Janus also plans to stop using brokerage commissions to purchase research products and services from third parties, a decision that will cost the firm about $9 million annually. Such "soft- dollar" practices have become increasingly controversial in recent months amid the growing mutual fund scandal.
Bullard said the elimination of soft-dollar arrangements is "a very good step" thats consistent with what consumer groups have called for.
Janus also said Friday that its board of directors would retain an independent auditor to look at its financials.
In addition, the board will recommend that independent trustees for the Janus funds appoint an independent compliance officer, Janus said. That person would review letters to shareholders, marketing efforts and other communications, Janus Peterson said.
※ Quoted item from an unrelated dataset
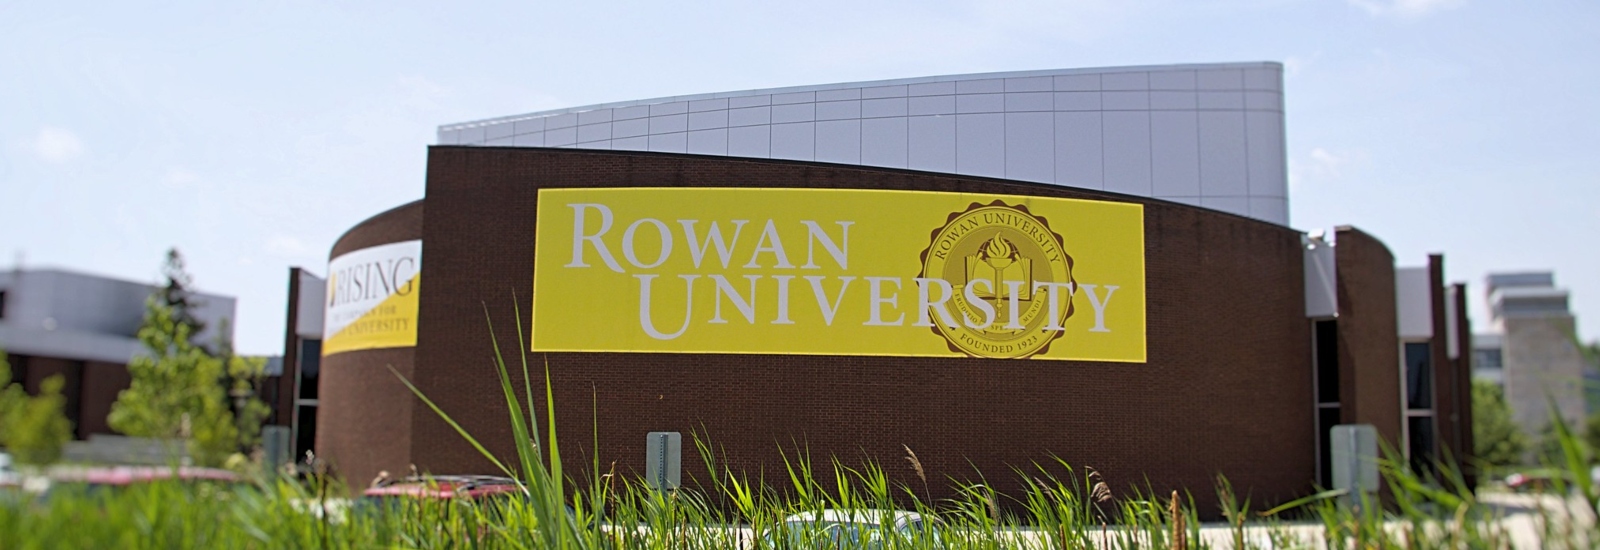 The Rowan University Banner on Wilson Hall.
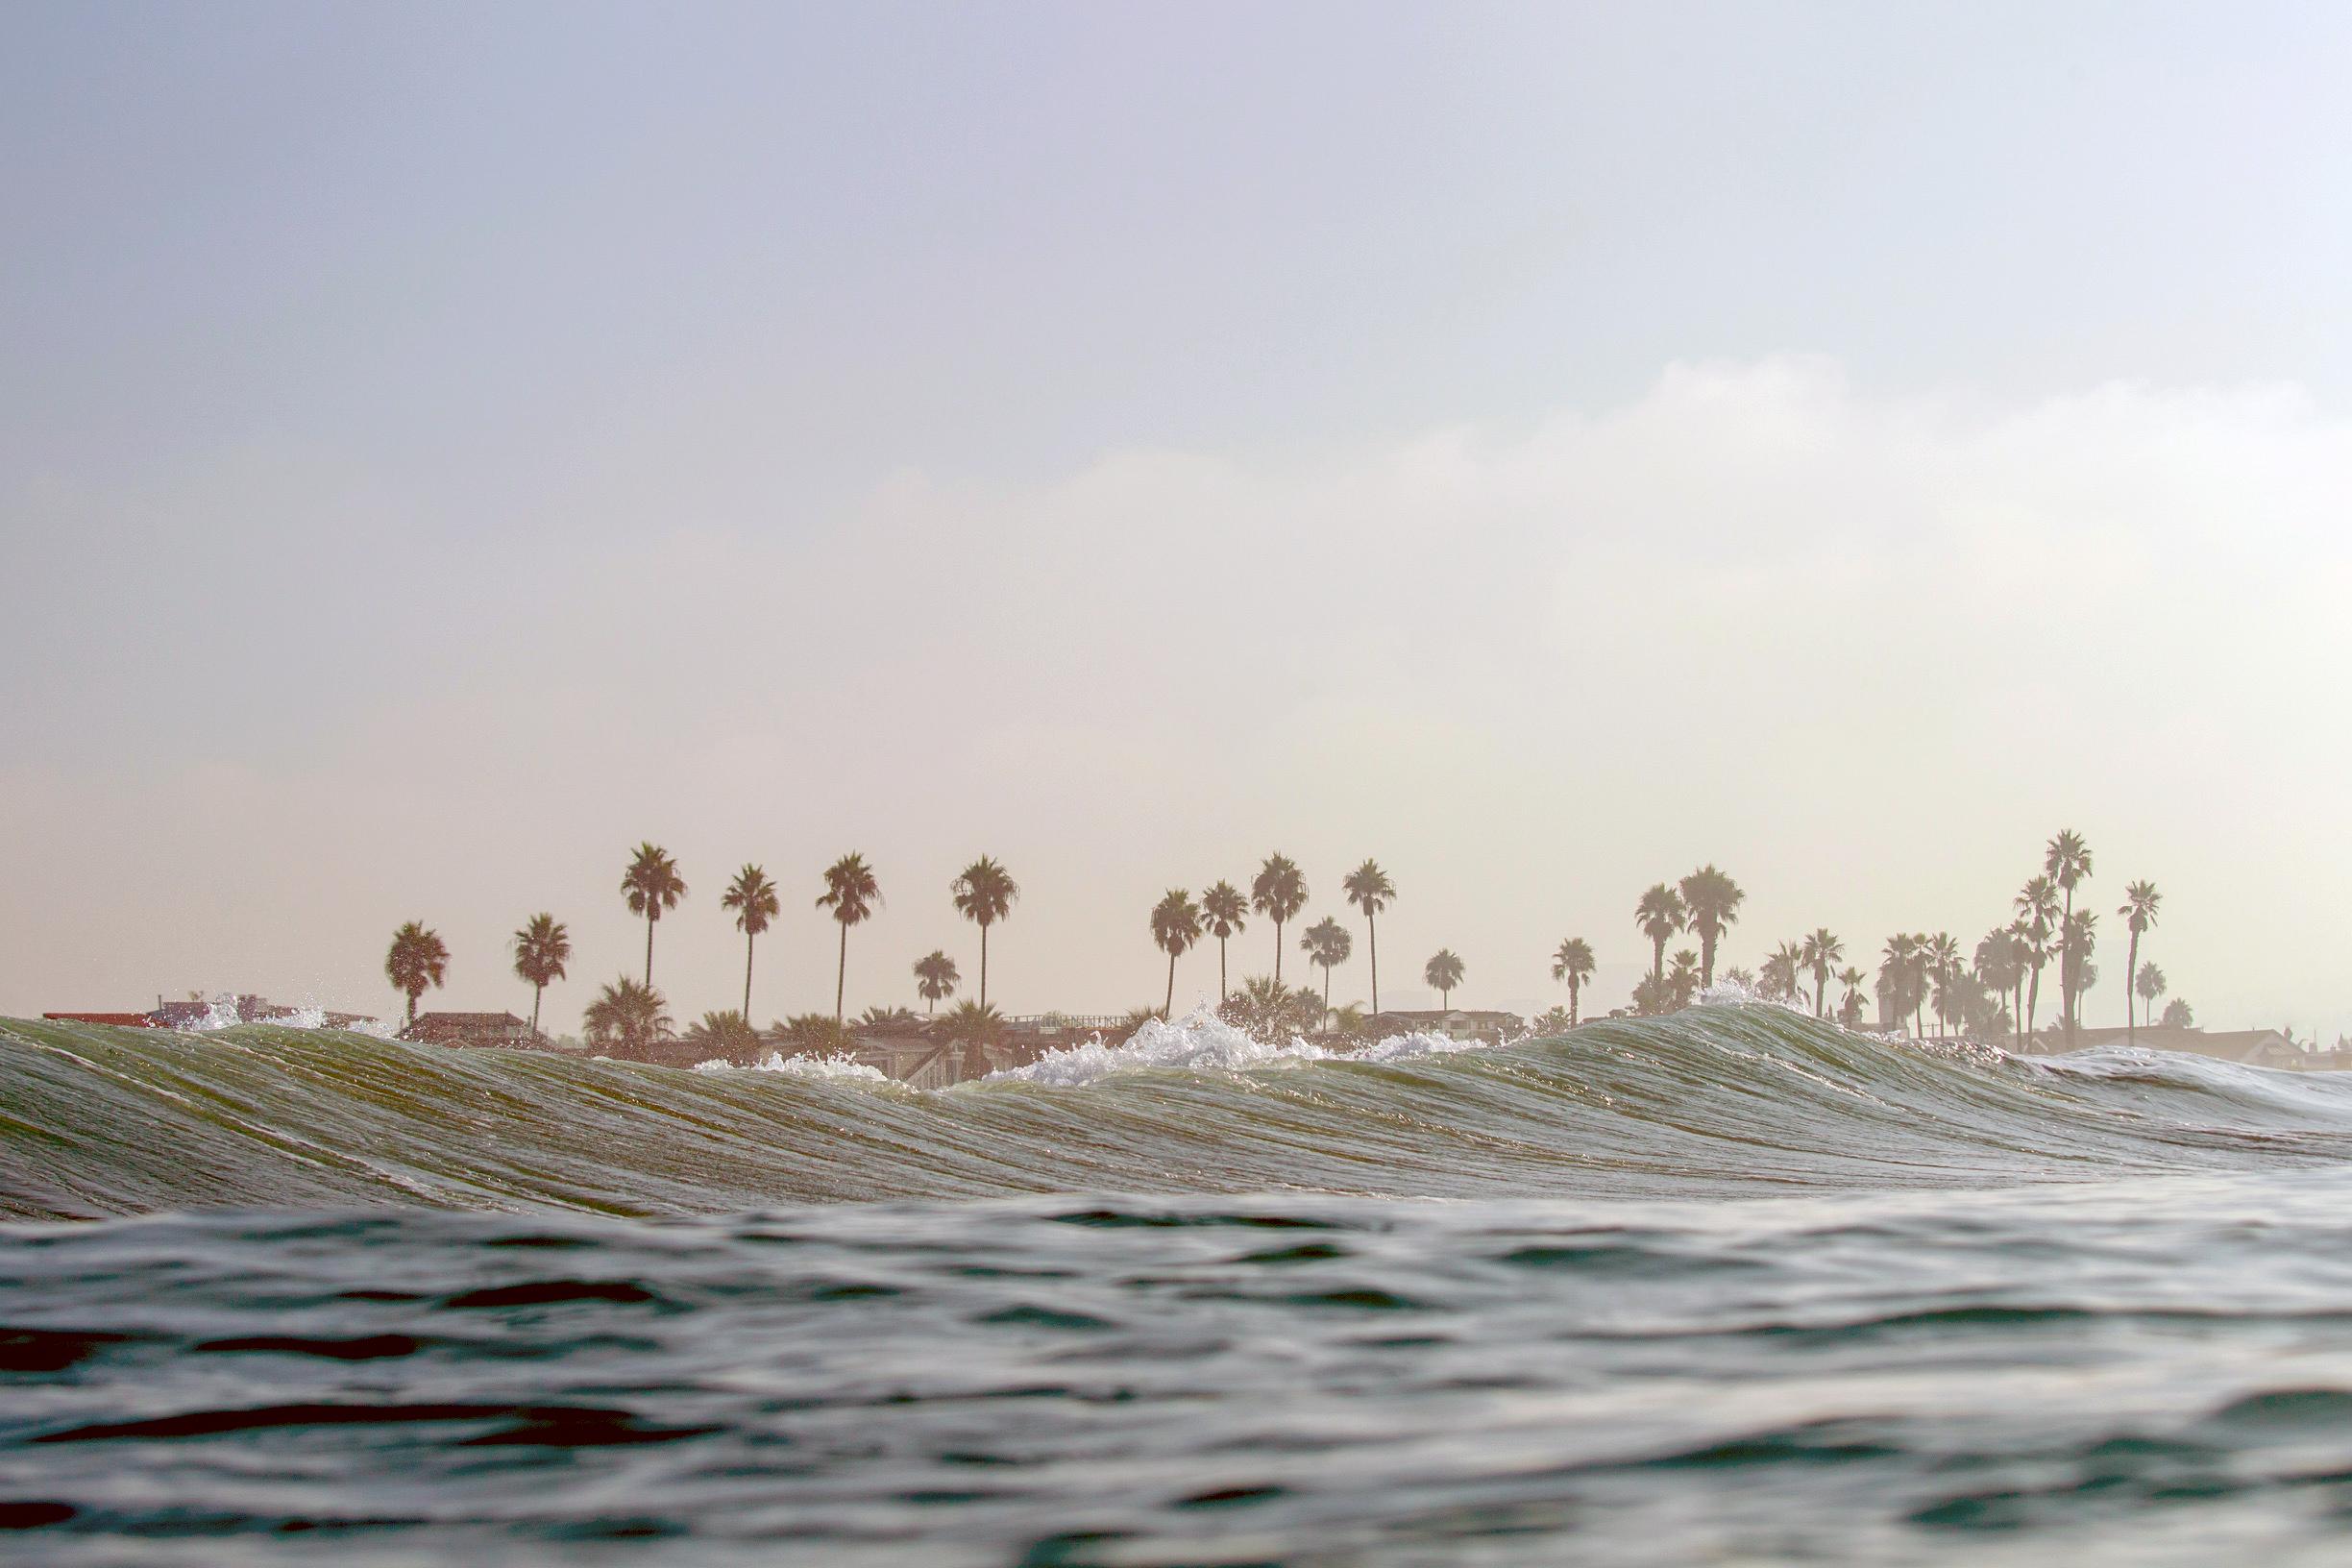 Color Photograph Jonathan Spector - Lost In Paradise, photographie d'art de paysage océanique, encadrée en plexiglas

On Sept. 3, Spitzer accused Janus and three other fund firms of allowing a hedge fund, Canary Capital, to frequently trade in their funds. Janus later admitted it allowed some frequent trading, although it will not say whether Canary was one of the investors involved.
The accusations sparked a massive scandal that has rocked the mutual fund industry and led to calls for major reforms.
Janus is one of many prominent fund firms involved, as are Putnam, Alliance and Bank of America. On Dec. 2, Spitzer and the SEC filed civil fraud charges against Invesco Funds Group, another Denver mutual fund shop, accusing that firm of harming investors by allowing frequent trading.
Invescos parent firm, London-based Amvescap, has vowed to vigorously fight the charges, arguing that it allowed frequent trading only in a controlled way that did not harm long-term investors.